– Да. Есть кое-какие недоедки.
– Вы хотите сказать – объедки?
– Что вы!
– А! Всё равно, доставайте!
– Позвольте. Я вас побеспокою. Вон там, слева – дорожный холодильник. Давайте его сюда. Впрочем, не надо. Я сам к вам переберусь.
Он откинул сиденье и, несмотря на возраст и весьма солидную комплекцию, хорошо отработанным движением, легко перелез, вернее, перепрыгнул на заднее сидение. Похоже, это было для него в некотором смысле привычным ритуалом.
Интересно, как часто он прыгал туда – сюда по салону. И зачем? Хотя и так понятно, зачем. Вон, какие удобные и пружинящие сиденья…

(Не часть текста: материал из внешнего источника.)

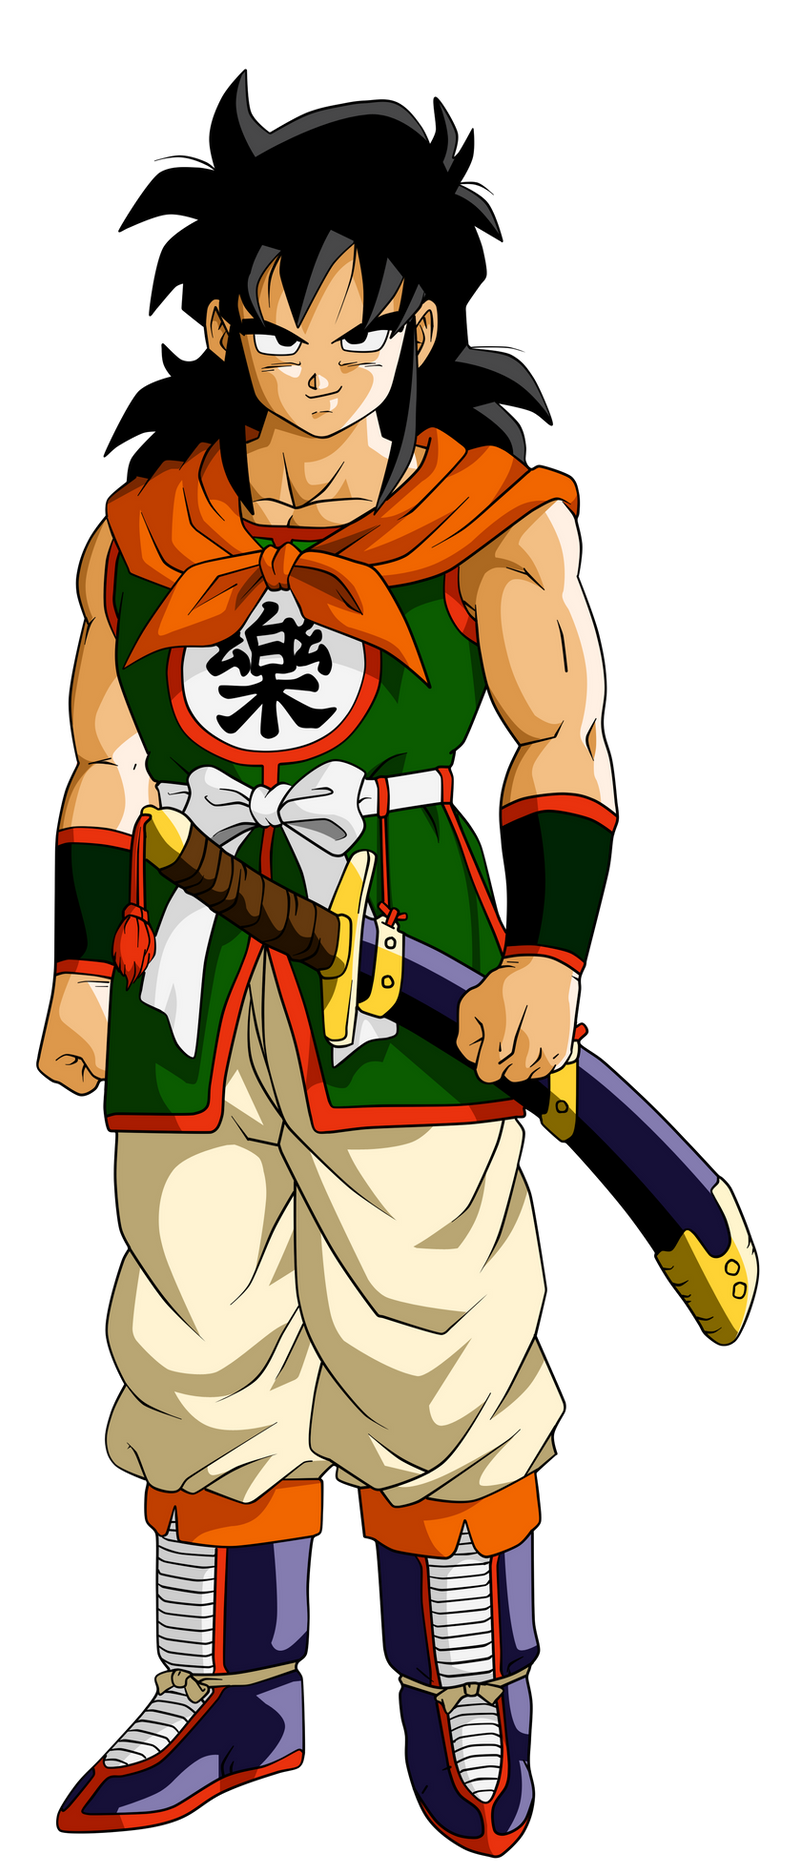 Download Colored 010 - Yamcha 001 by VICDBZ on DeviantArt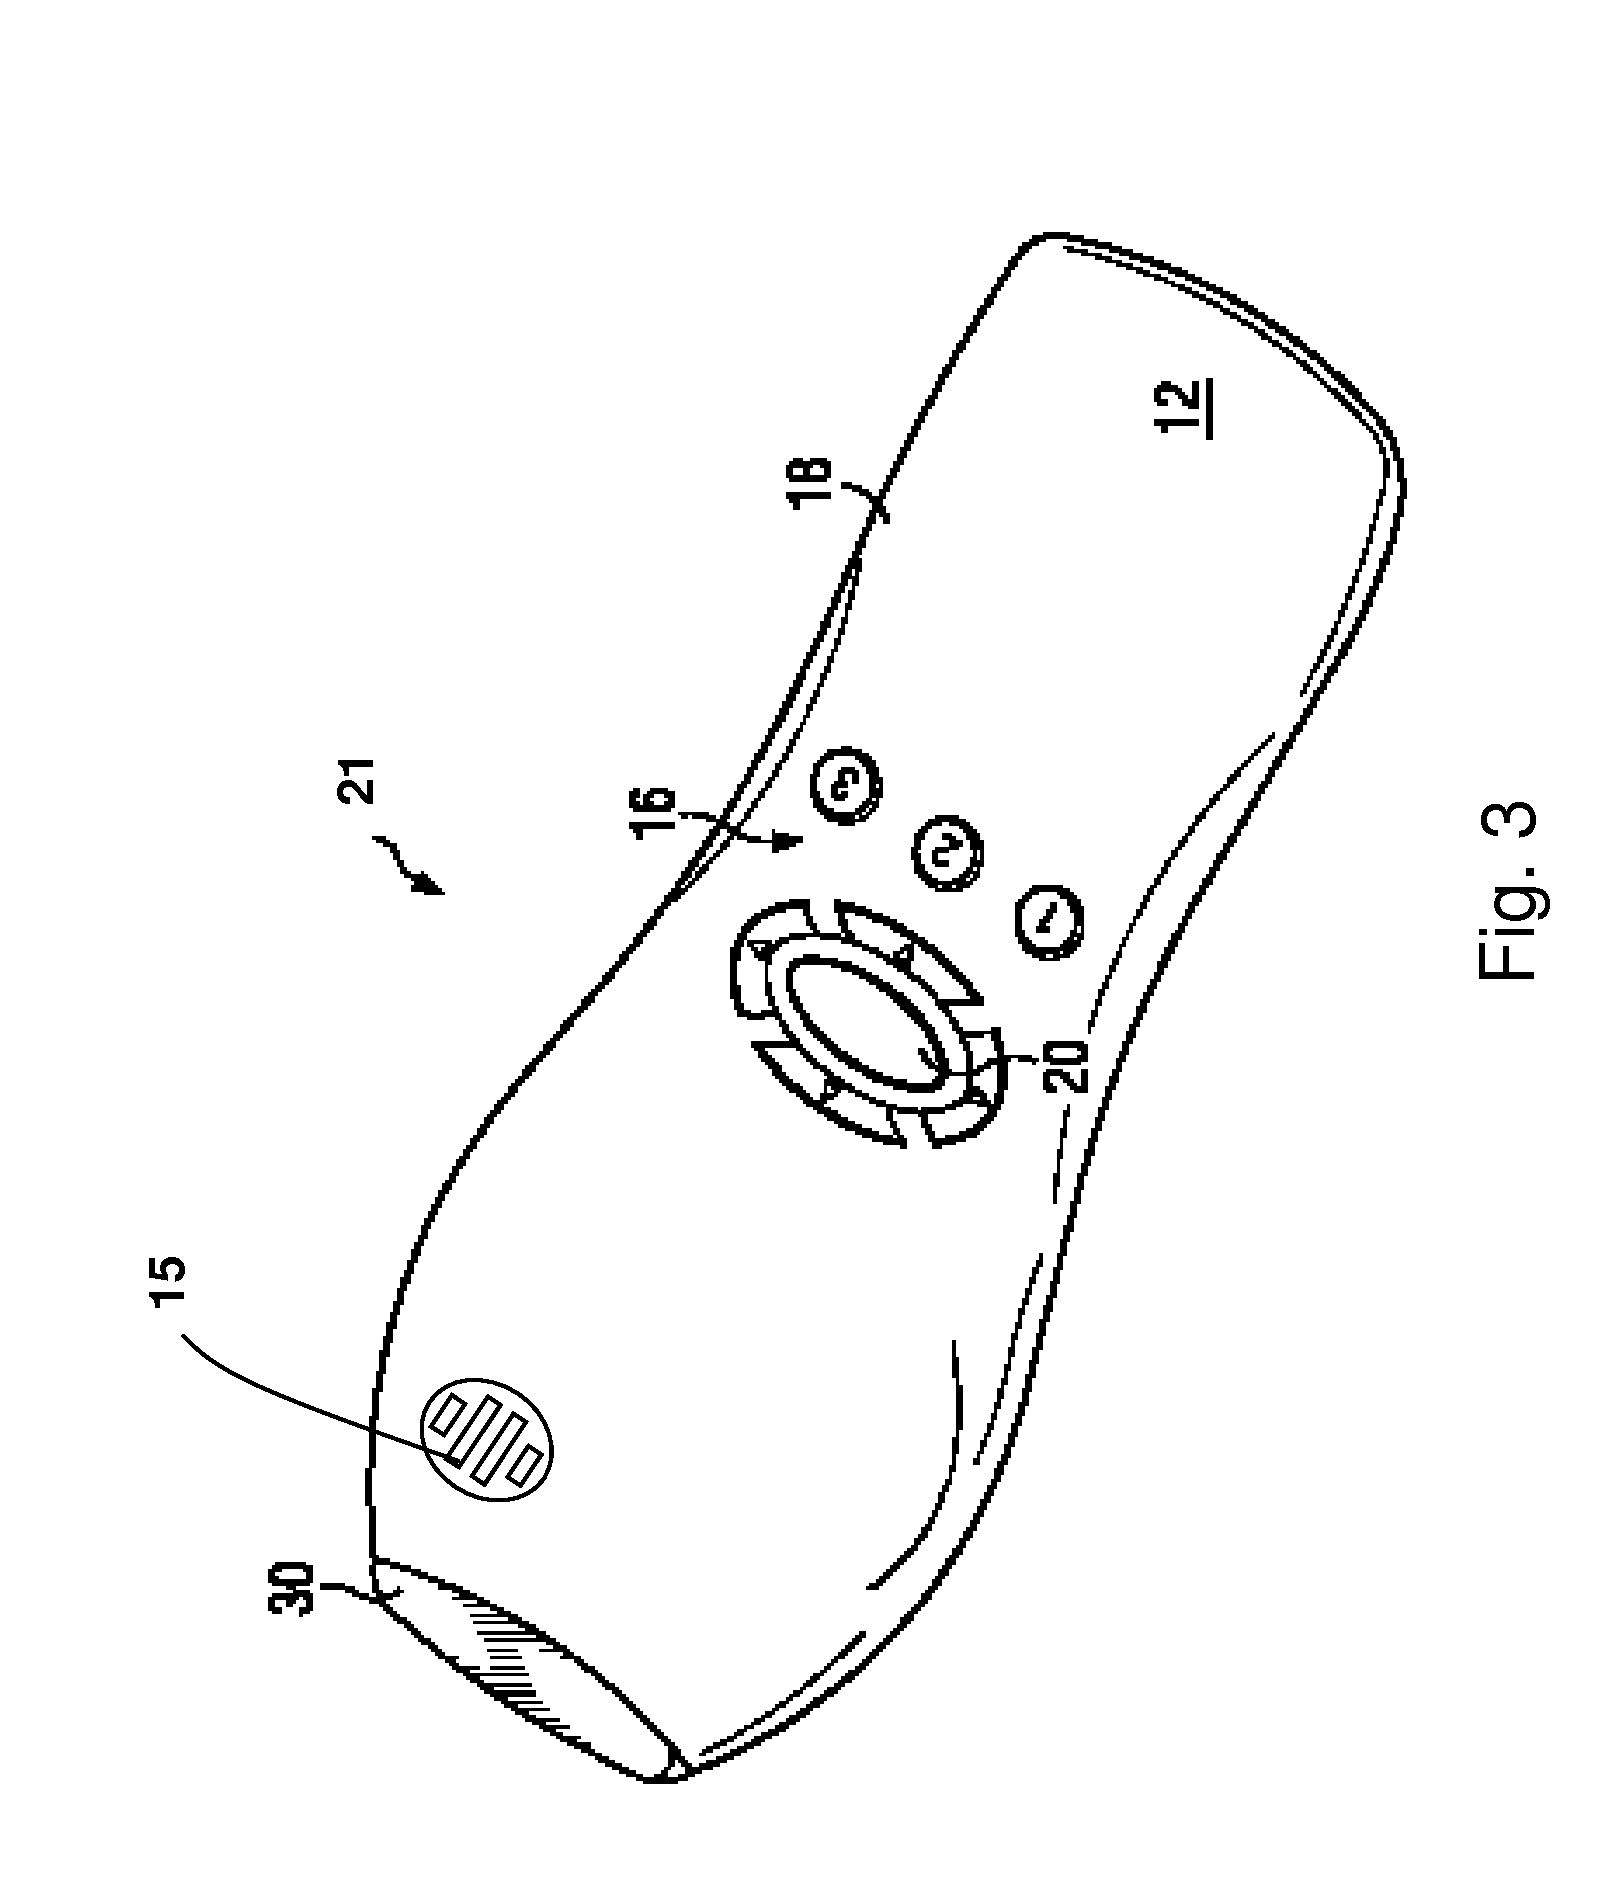 Therapeutic pulse laser methods and apparatus

Эта мысль мне почему-то не понравилось.
Вообще на первый взгляд он производил впечатление крутого и весьма ушлого мужика. Одна тачка чего стоит. Все расспрашивает, присматривается, а сам о себе что-то не очень распространяется. Сильный, ловкий, в хорошей физической форме, несмотря на годы. Похоже, ему далеко за сорок пять лет.
В принципе, большая часть жизни прожита. И судя по тому, как он упакован, прожита не без пользы для его кошелька.
Очень ухоженная модная щетина, придающая мужественность его немного округлому лицу. Глаза спрятаны за стеклами слегка затемненных очков. Усы – краса и гордость мужчин, коротко пострижены волосок к волоску. Видно, что он любит ухаживать за собою. Всё при нем, всё в наличии. Упакован, что называется, по первому разряду. Интересный экземпляр…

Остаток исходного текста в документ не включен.